After 34 years of working with students who need an extra boost, Mahomet-Seymour High School Support Services Teacher Susan Duling will retire at the end of the 2017 school year.
Duling, who didn’t know she wanted to become a teacher when she began her career, majored in something other than education when she began college. But, after watching her friends work with students in their classrooms, Duling decided to go back to school to finish up the coursework she needed to gain her certification.
“It wasn’t something I wanted to do early on, but I just always enjoyed kids, so I don’t know why it did not cross my mind earlier, but it didn’t,” Duling said.
When Duling decided on a teaching career, she thought she might be interested in social work. While studying social work, she then chose to work in special education.
“I wanted to be able to work with students who had the special needs,” Duling said. “I think working with smaller groups, being able to help students 1-on-1, and establishing that rapport, that relationship that’s what I was really interested in.”
Duling often gets to work with students on her caseload over the course of four years, both inside and outside of the classroom.
“I get them as freshmen, then over the course of the next four years, it’s like ‘Wow!’ I get to see some of the trials that they’ve gone through and I get to see them come through with successes, as well,” she said. “It’s so unique in the fact that we don’t just have them for a year or a semester, and then maybe see them later on like classroom teachers do. We get to see their progress over four years. That’s very rewarding.”
Duling has taught in the Mahomet-Seymour School District for 10 years. She spent 24 years in another district.
Over the course of her career, she has helped students learn the material that they need to learn, but many times, she has also helped them build confidence first.
“A big part of what I need to help them become is more confident,” she said. “To show them you can do this; together we can do this.”
While Duling has also taught her students about kindness and tolerance, she helped to bring “Breakfast of Champions,” a program that celebrates the small things students do, to Mahomet-Seymour High School.
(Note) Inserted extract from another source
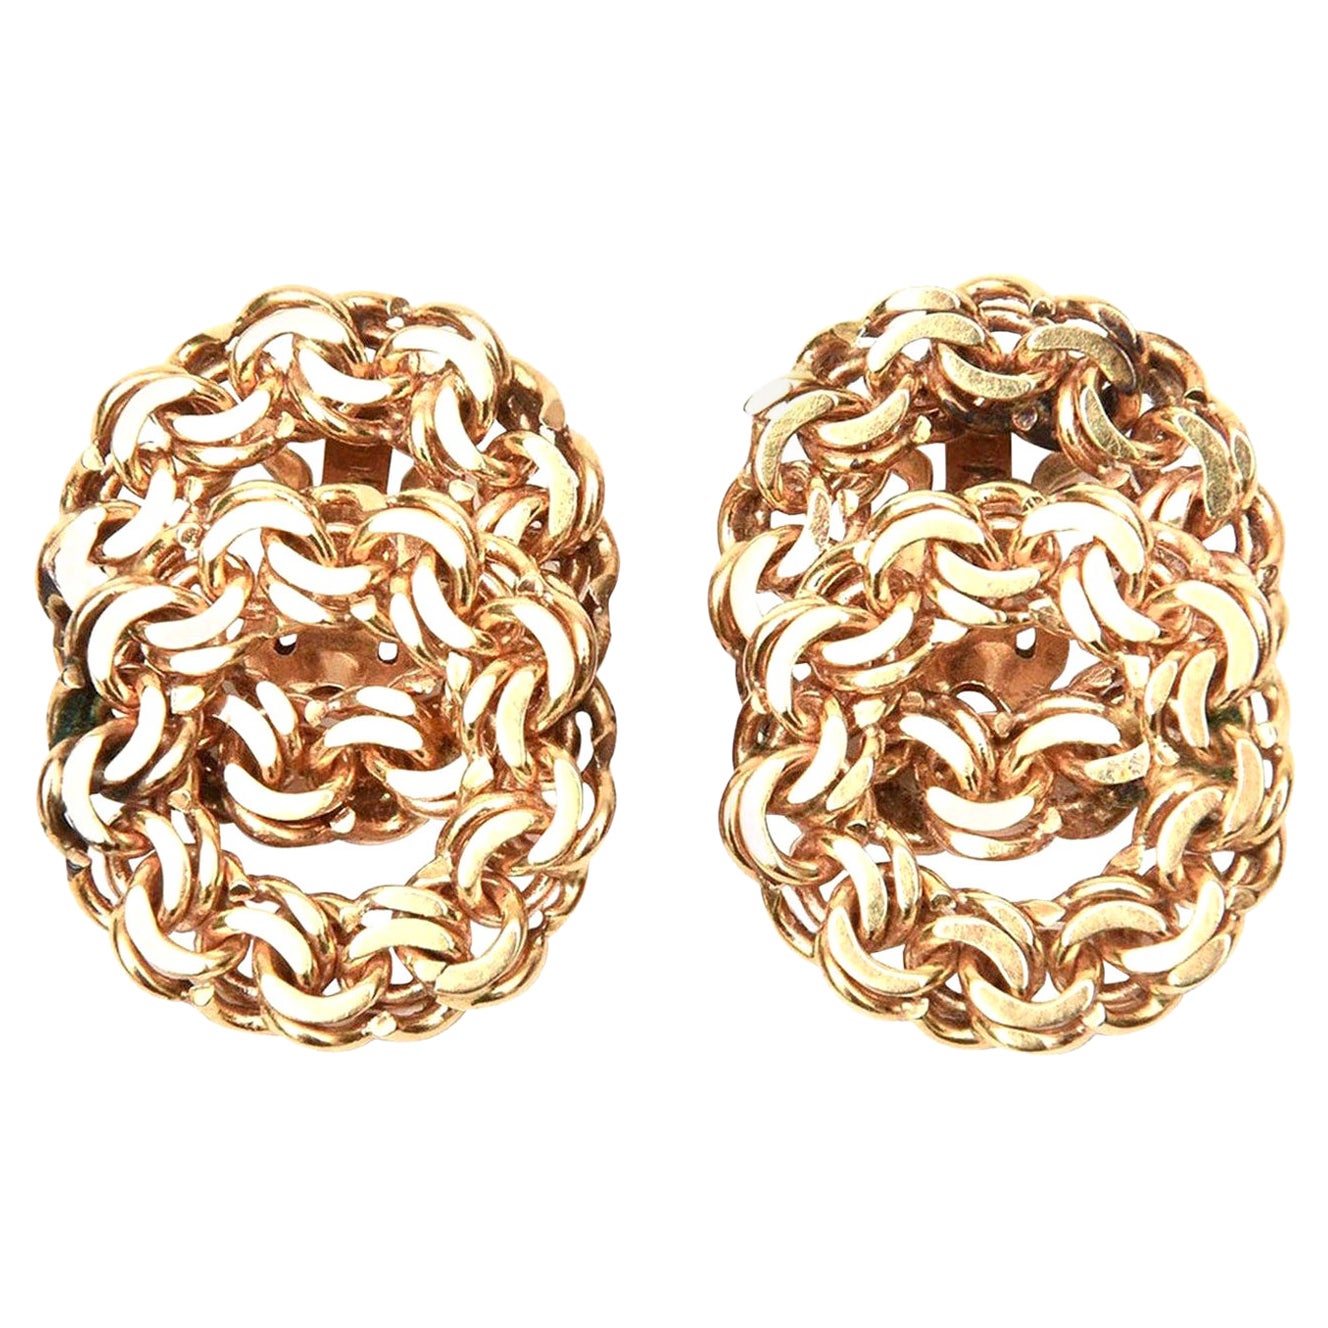 14 Karat Gold Sculptural Twisted Chains Clip-On Earrings Vintage For Sale
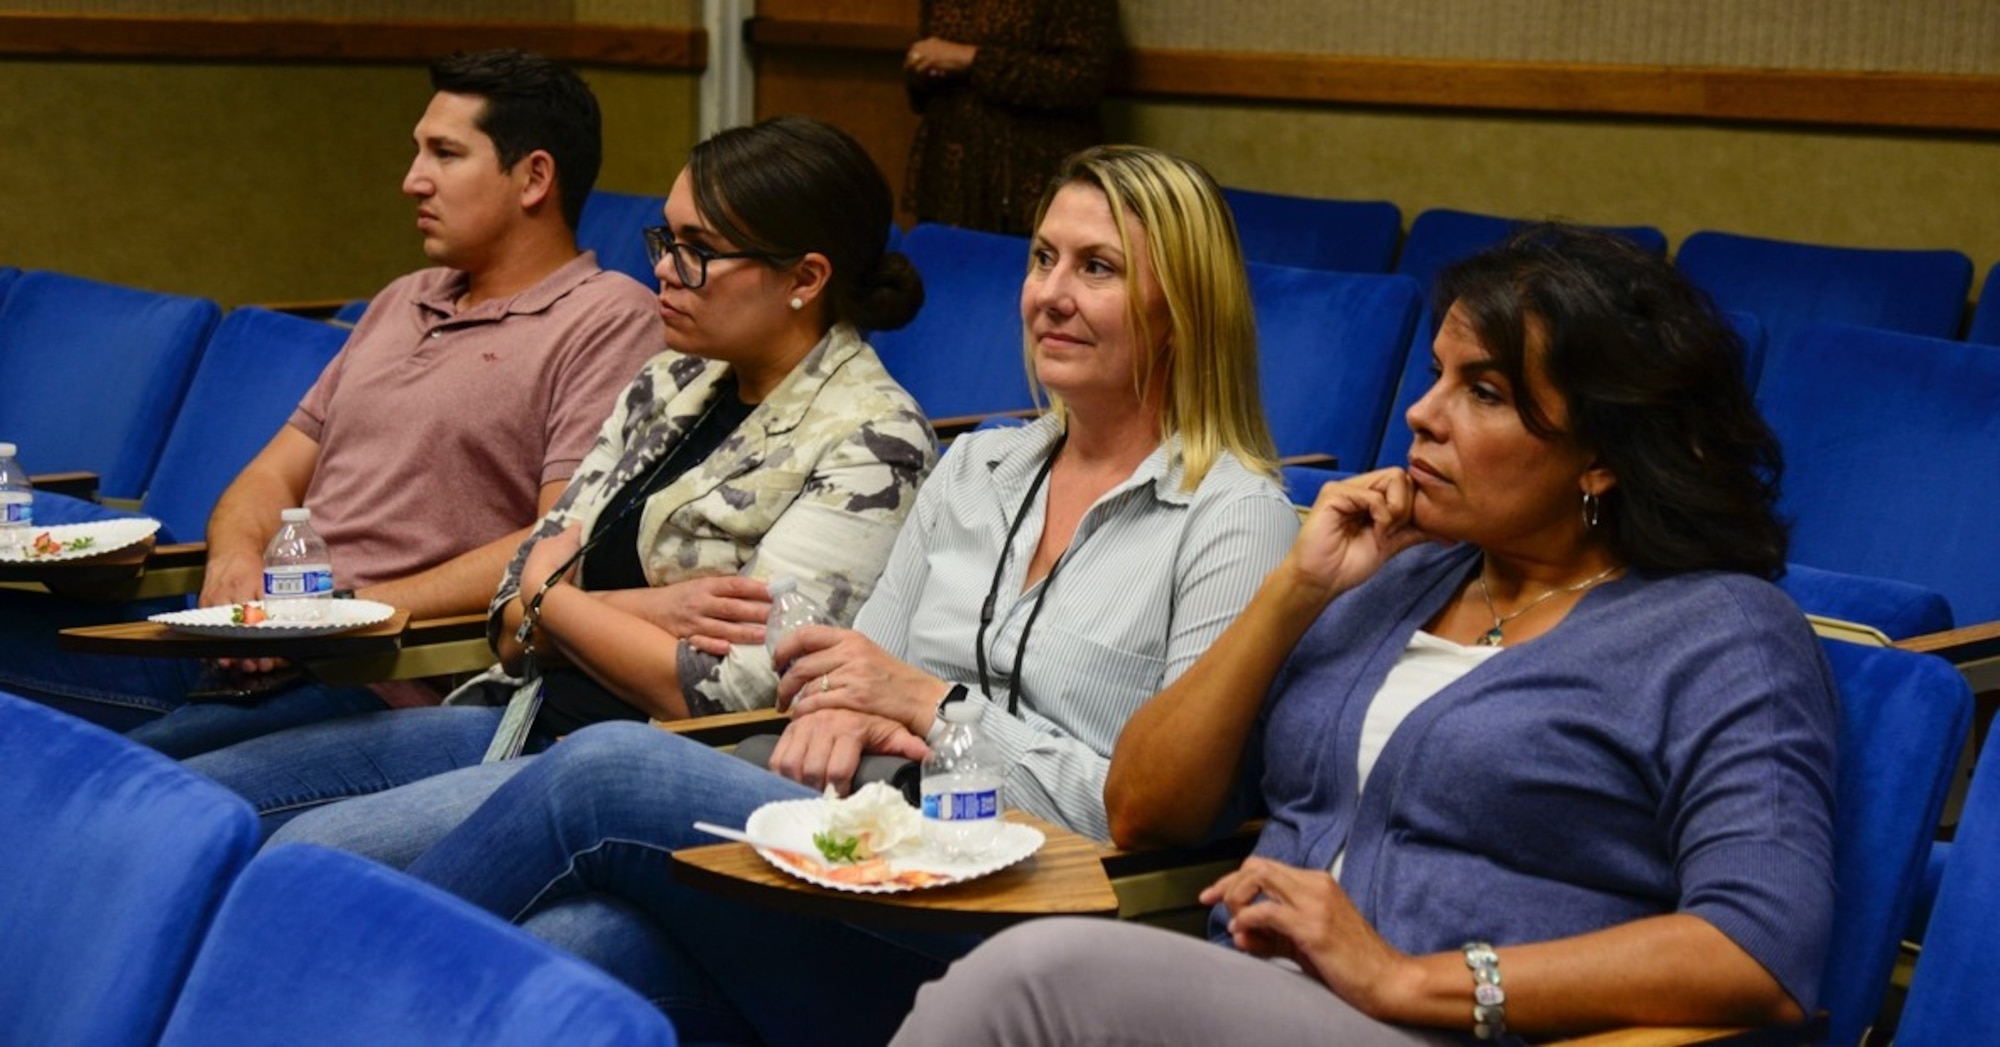 Members of Team Kirtland watch various ‘TED’ talks during the Women’s Equality Day event at Kirtland Air Force Base, N.M., August 26, 2019.  In 1973, Congress officially designated August 26 as Women’s Equality Day to commemorate the 1920 adoption of the 19th amendment of the U.S. constitution, making it illegal to deny citizens the right to vote based on their gender. (U.S. Air Force photo by Senior Airman Alexandria Crawford)

“I think almost every time I go to (the Breakfast of Champions) I have some tears. It’s important to recognize the students who are the top performers; they need that recognition, too. But so often it’s the kids who go about their daily business, they do good things, but they don’t get a lot of recognition for just doing what they should be doing: doing the right things, being kind to people.”
“I think we all need to say, you’ve done a really good job,” she continued. “And that’s why those stories are so meaningful. And the parents, brothers, sisters and grandparents need to hear that. They deserve a pat on the back.”
Duling said she has enjoyed working at Mahomet-Seymour High School over the last 10 years. She said the administration has been very supportive of the teachers needs, and the staff she works with has helped her to grow.
After retirement, Duling plans to help her son, who lives in Minnesota, get ready to be married this summer. And she is excited to have more time to cheer on Northern Illinois University, where her son works in the athletic department.
Duling has also made a list of things she’d like to try in retirement: hobbies she’s interested in and places she’d like to travel. Most of all, she’s just excited to have more flexibility with her time.